*Given data*:
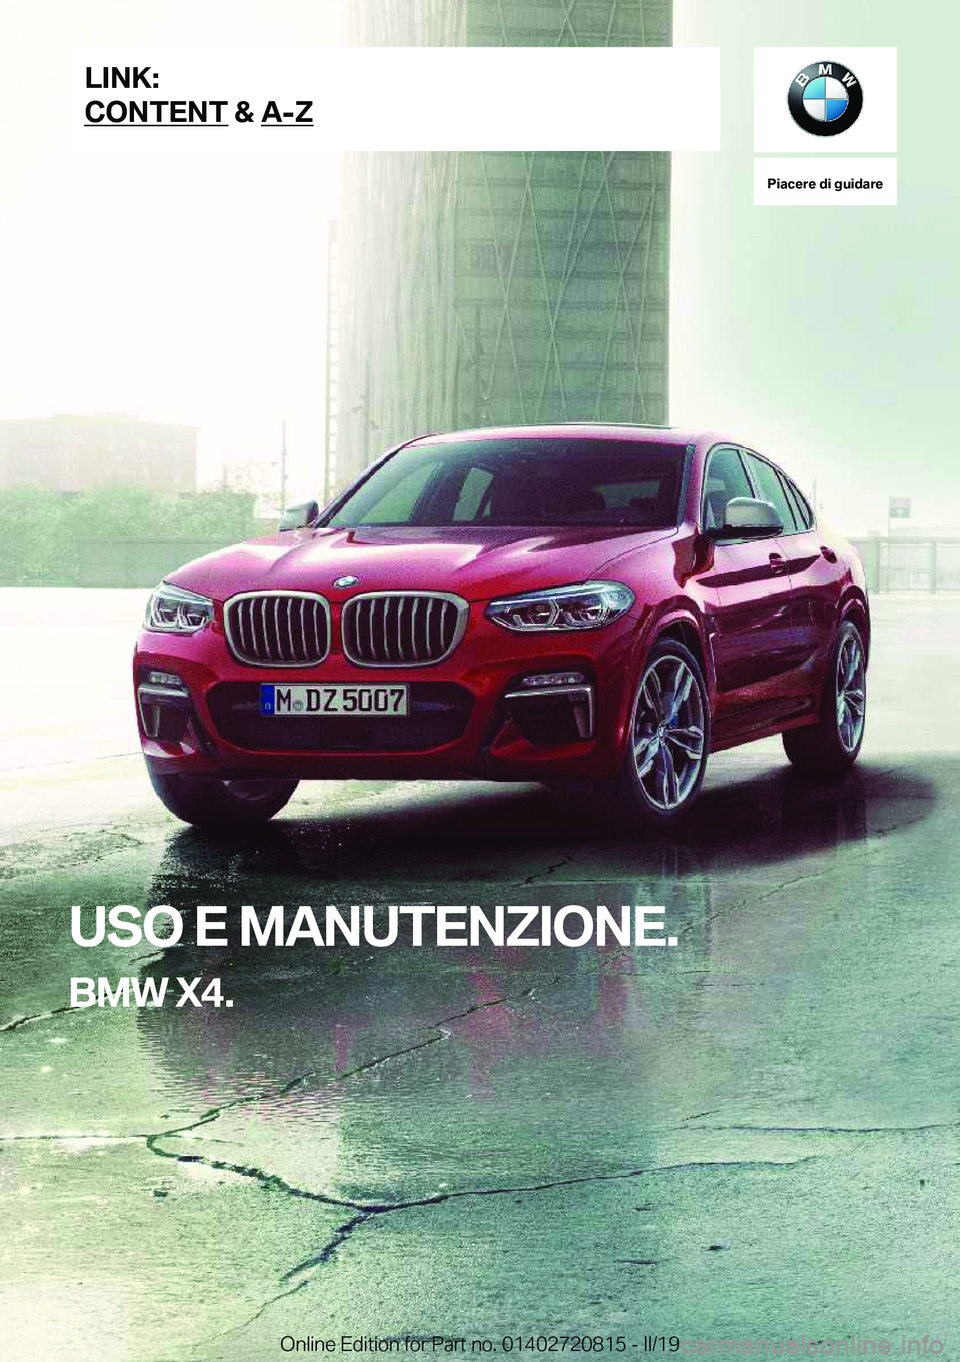 BMW X4 2019  Libretti Di Uso E manutenzione (in Italian) �P�i�a�c�e�r�e��d�i��g�u�i�d�a�r�e
�U�S�O��E��M�A�N�U�T�E�N�Z�I�O�N�E�.
�B�M�W��X�4�.�L�I�N�K�:
�C�O�N�T�E�N�T��&��A�-�Z�O�n�l�i�n�e��E�d�i�t�i�o�n��f�o�r��P�a�r�t��n�o�.��0�1�4�0�2�7�2�0�

*Exercise aim*: Without the pictures, repeat the listing exactly as it reads.

*Response area*:
 BMW X4 2019  Libretti Di Uso E manutenzione (in Italian) �P�i�a�c�e�r�e��d�i��g�u�i�d�a�r�e
�U�S�O��E��M�A�N�U�T�E�N�Z�I�O�N�E�.
�B�M�W��X�4�.�L�I�N�K�:
�C�O�N�T�E�N�T��&��A�-�Z�O�n�l�i�n�e��E�d�i�t�i�o�n��f�o�r��P�a�r�t��n�o�.��0�1�4�0�2�7�2�0�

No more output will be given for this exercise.